Information contained in this publication is intended for informational purposes only and does not constitute legal advice or opinion, nor is it a substitute for the professional judgment of an attorney.
New York Governor Kathy Hochul announced on November 1, 2021 that she signed legislation expanding the definition of “family member” under the New York Paid Family Leave Act to include “siblings,” effective January 1, 2023. Separately, on October 12, 2021, the New York State Department of Labor updated its guidance regarding paid leave time for COVID-19 vaccinations to address the applicability of the Paid Vaccination Leave Law to COVID-19 booster shots.
Definition of “Family Member”
The Act provides certain employees with—among other types of leave—job-protected, paid leave to care for a “family member” with a serious health condition. The law previously defined “family members” to include employees’ spouses; domestic partners (including same and differently gendered couples); children and step-children; anyone else recognized to be in the legal custody of the employee; parents and step-parents; parents-in-law; grandparents; grandchildren; and anyone to whom the employee stands in loco parentis (typically meaning that the employee provides parent-like day-to-day care and financial support even if they are not legally or biologically related to the individual). Currently, under New York’s paid leave law, eligible workers can take up to 12 weeks of leave at 67% of their pay, up to a state-mandated cap that changes yearly, to care for such family members.

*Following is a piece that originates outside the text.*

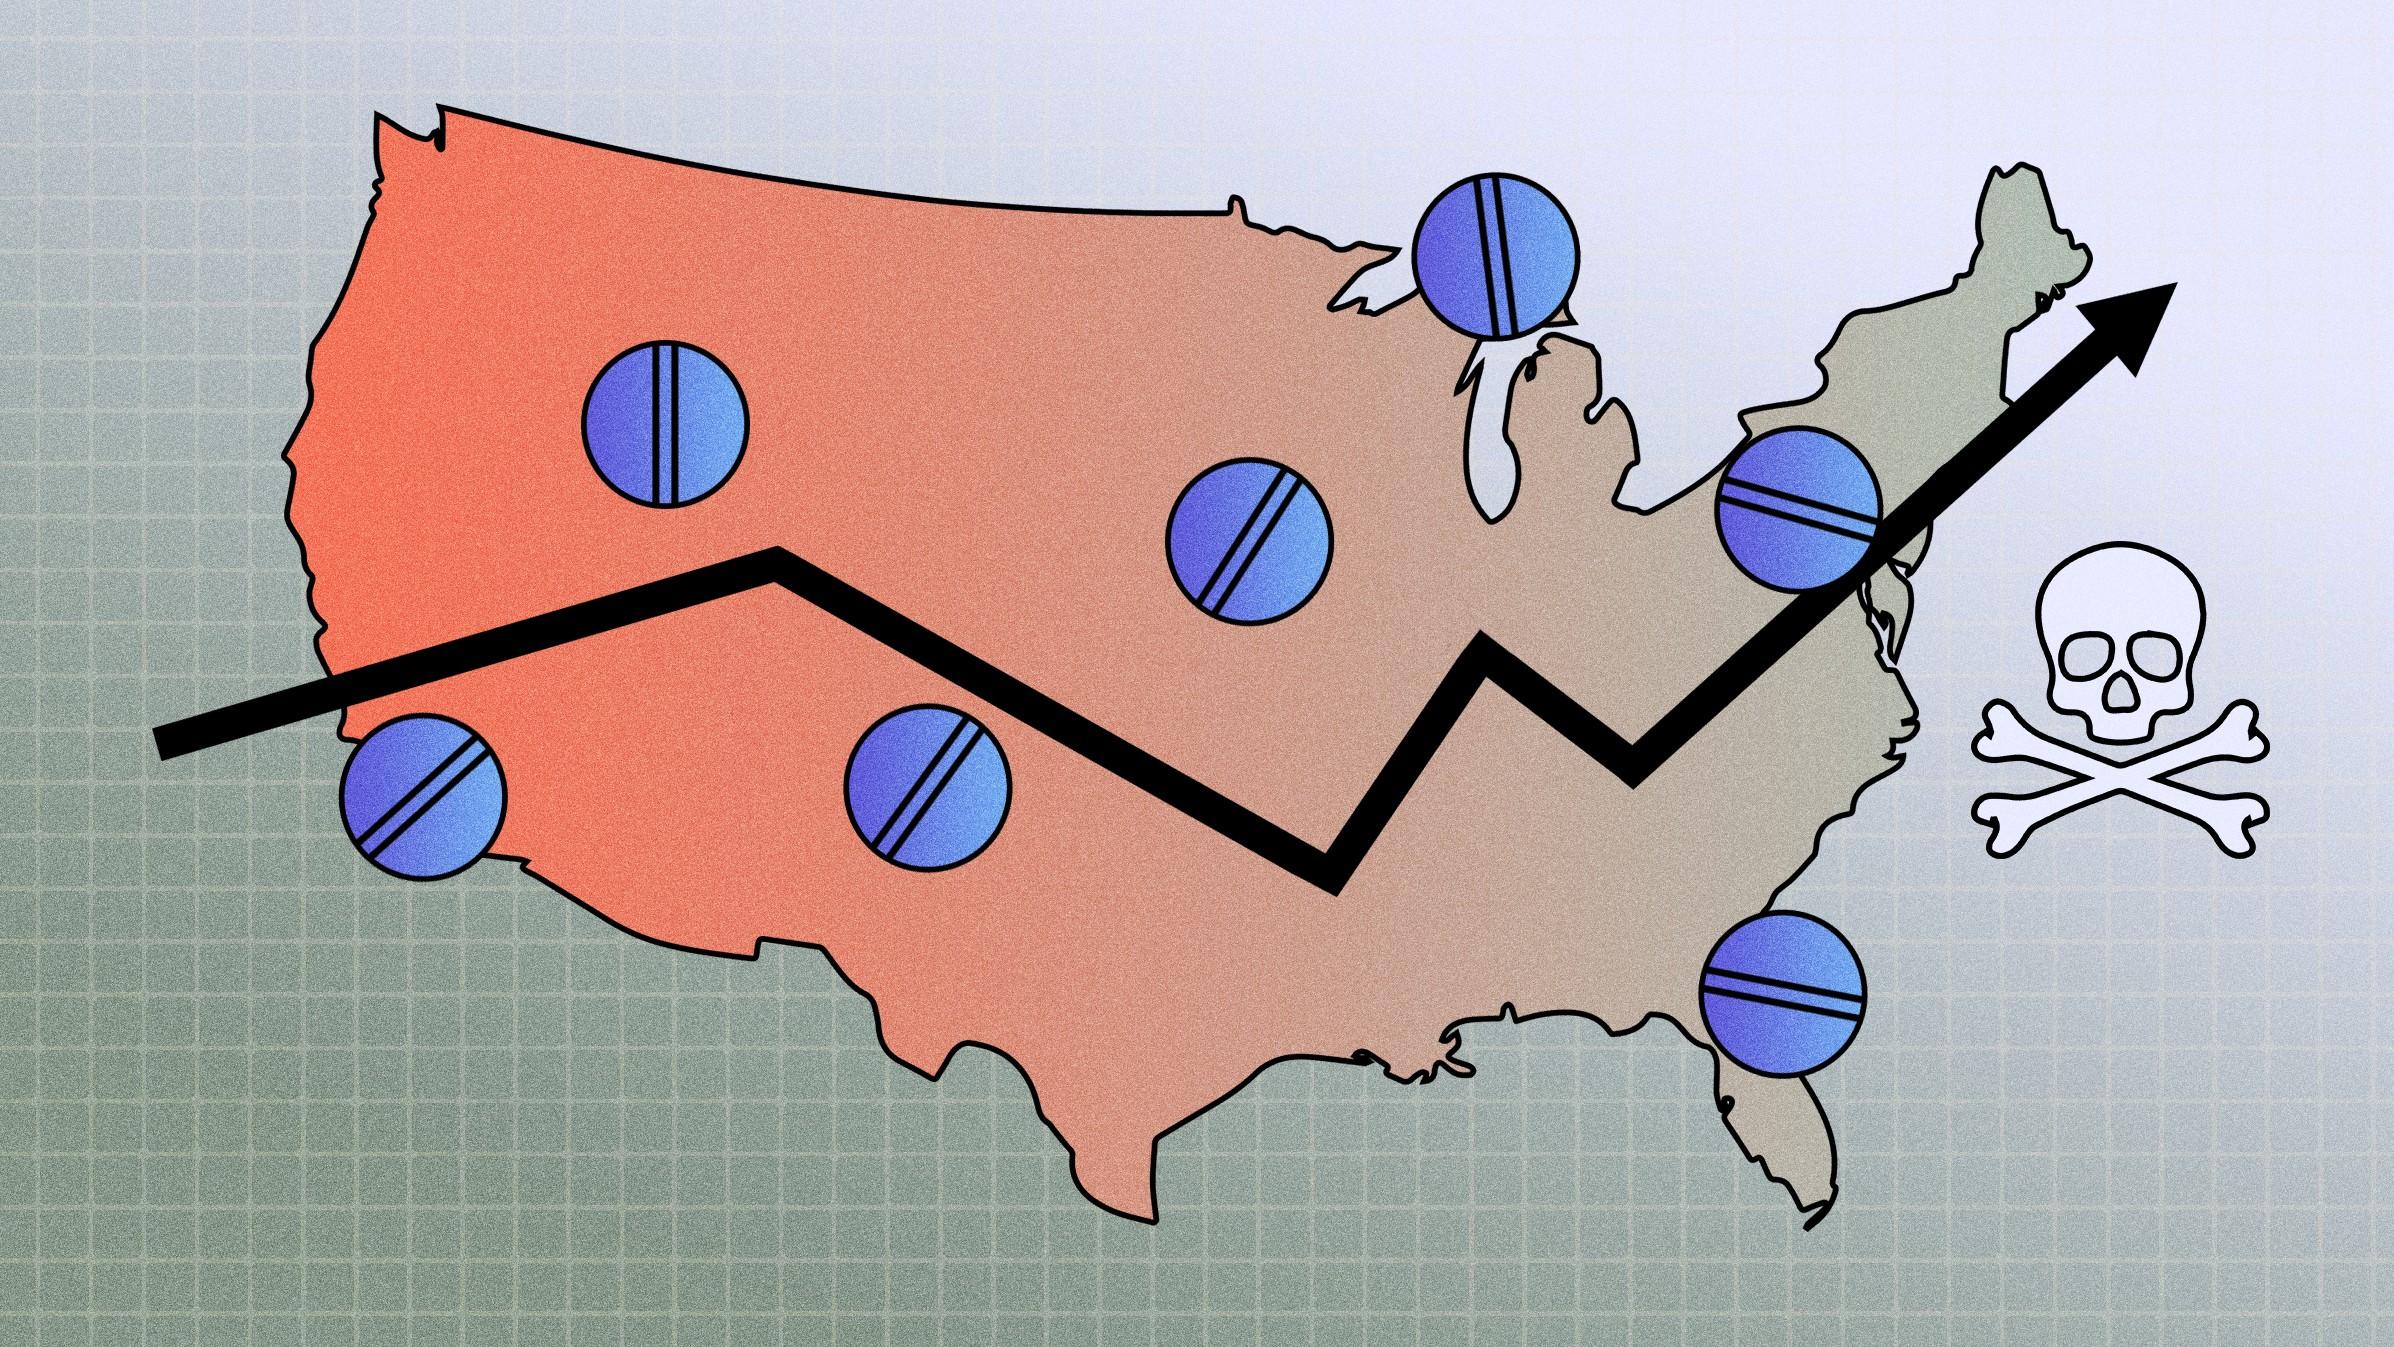 Terrifying Xanax Resurgence in America

While the in loco parentis coverage may plausibly address some caregiving situations involving siblings, the new legislation squarely adds biological siblings, adopted siblings, half-siblings, and stepsiblings to the list of “family members” who may be cared for through paid family leave beginning in 2023. This differs from the definition of covered “family members” with a serious health condition who may generally be cared for under the federal Family and Medical Leave Act, which does not explicitly include “siblings.”1
This amendment follows the recent amendment to New York Paid Family Leave Regulations taking effect on January 1, 2022 that changes the manner intermittent paid family leave is calculated. That earlier amendment removed the 60-day cap on intermittent leave, recognizing that persons working more than five days a week are not able to take 12 weeks of intermittent leave with the previously-imposed 60-day cap. Under the amendment’s change, intermittent leave benefits will be calculated by multiplying the average number of days per week that the employee works by 12 weeks (so, for instance, an employee who works six days per week may receive up to 84 days of intermittent leave).

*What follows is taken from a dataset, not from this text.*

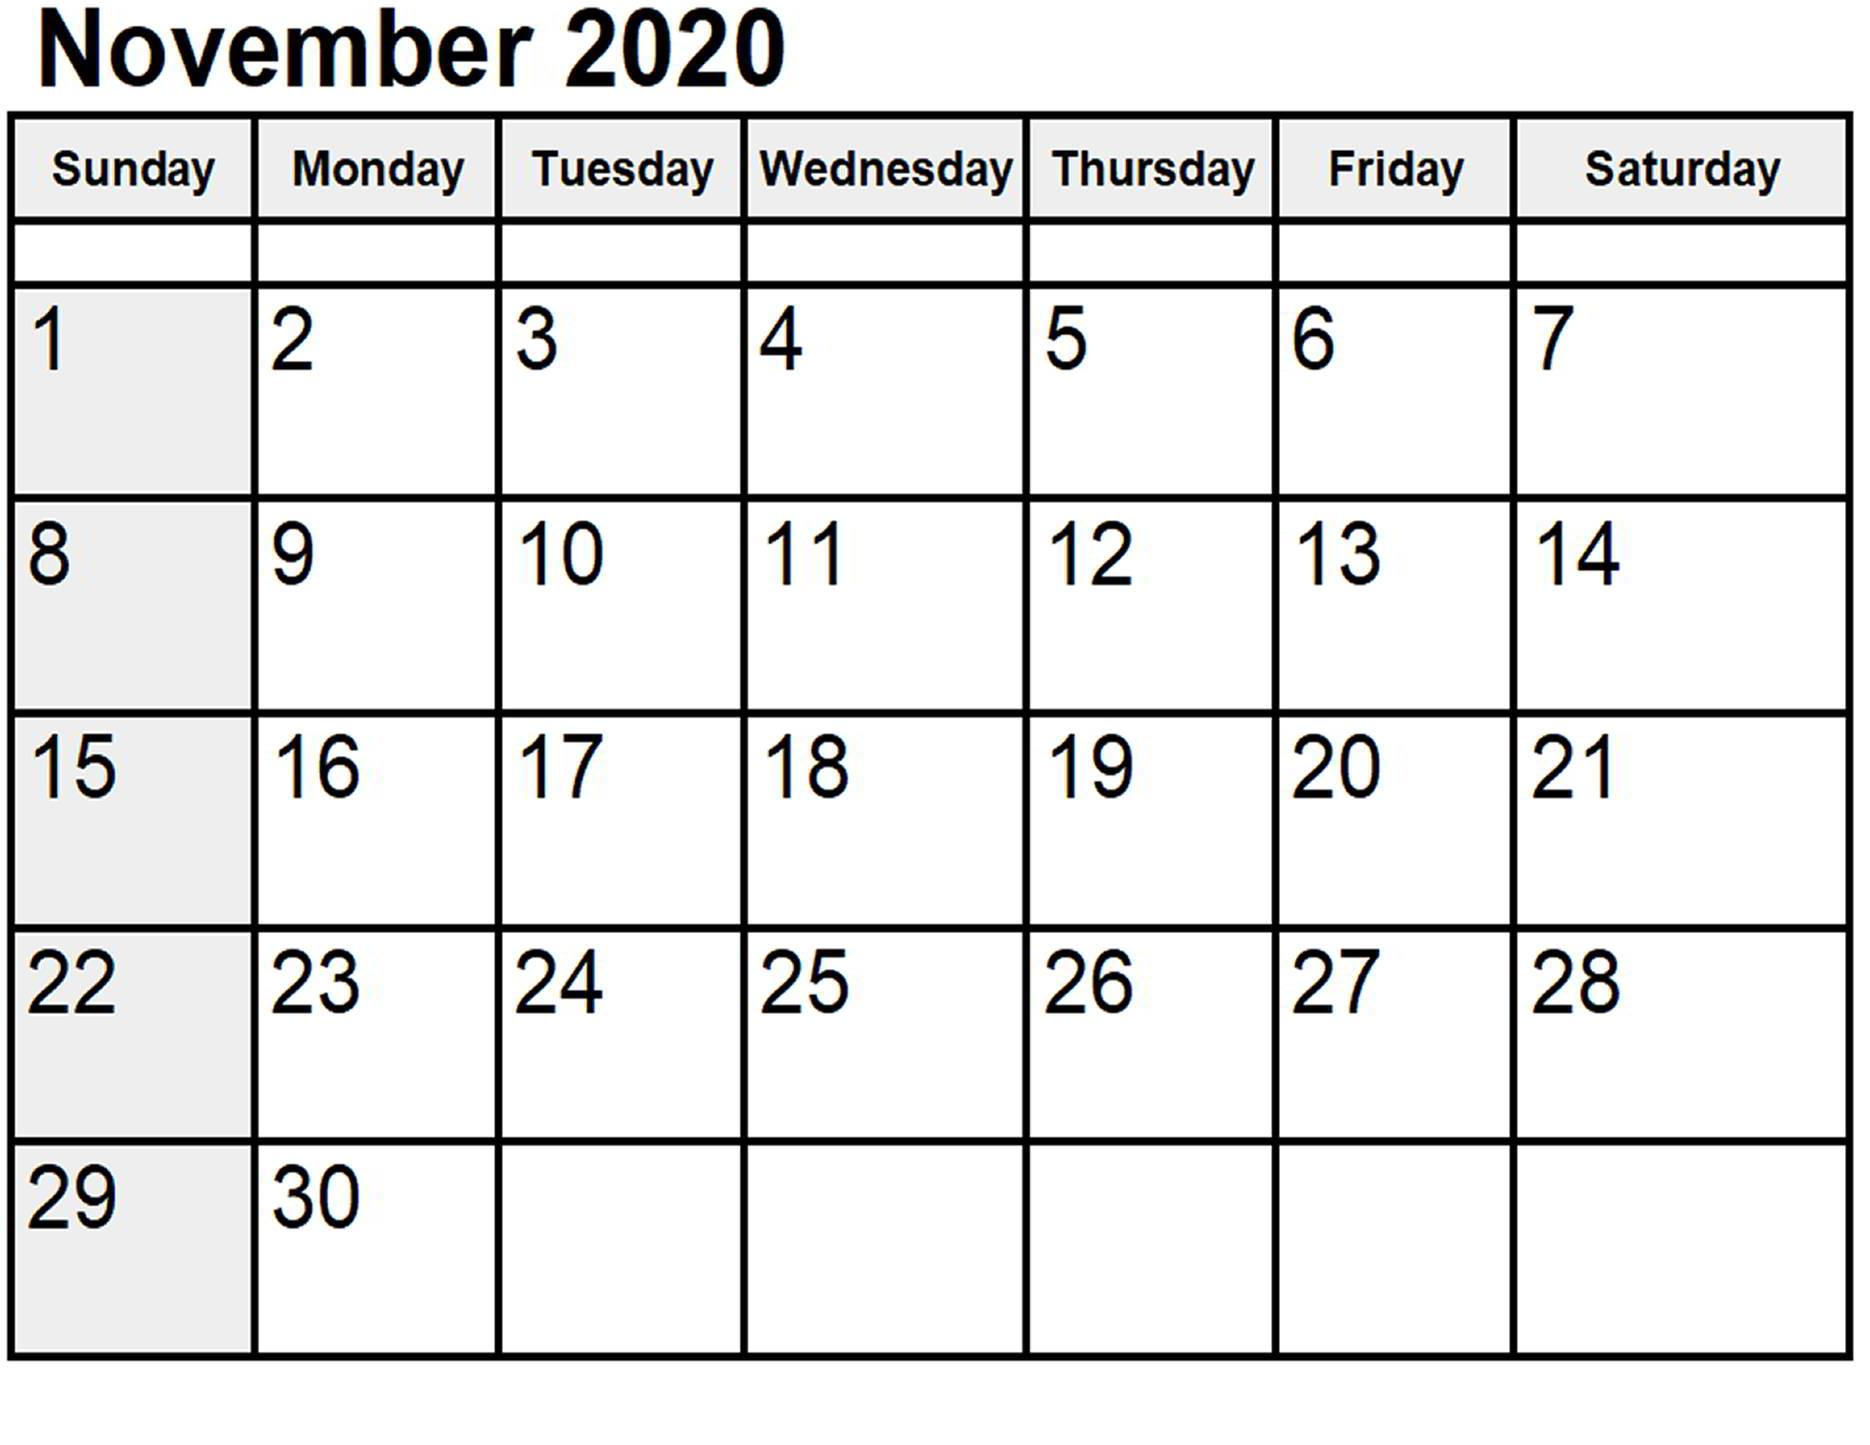 November 2020 Monthly Calendar Free

Paid COVID-19 Vaccination Booster Leave
The New York State Department of Labor’s update to the Frequently Asked Questions portion of the state guidance now makes it clear that employees, in addition to being entitled to up to four hours of paid leave for each immunization shot of the initial vaccination series, may also receive up to four hours of paid leave for each vaccine booster shot:
Q: DOES THIS LAW APPLY TO COVID-19 BOOSTER SHOTS?
Yes. Labor Law §196-c applies to any COVID-19 vaccination received by an employee, including booster shots.
At the time the Paid Vaccination Leave Law—Labor Law § 196-c—was passed and the guidance was issued by the NY Department of Labor, COVID-19 booster shots were seemingly not considered necessary. Previously, the state guidance had contemplated that employees may have their total paid leave for vaccinations capped at eight hours (if undertaking a two-dose vaccination series), with up to four hours of employer-paid leave available per immunization shot. However, the statute itself indicates that four hours of leave is available “per vaccine injection,” and the updated guidance clarifies that this includes booster shots.
The Paid Vaccination Leave Law is set to expire on December 31, 2022.
New York employers should consider updating their paid family leave policies to reflect the forthcoming expanded coverage of siblings under the law’s caregiving leave rights, as well as updating paid vaccine leave policies and protocols to address the availability of the leave for booster shots. As the guidance regarding New York’s leave laws is revised frequently, employers should also stay apprised of new developments in New York’s leave entitlements and contact experienced employment counsel with questions regarding the interpretation of these developments.
1 See 29 C.F.R. §§ 825.112, which in pertinent part says , “Employers covered by FMLA are required to grant leave to eligible employees…[t]o care for the employee's spouse, son, daughter, or parent with a serious health condition.”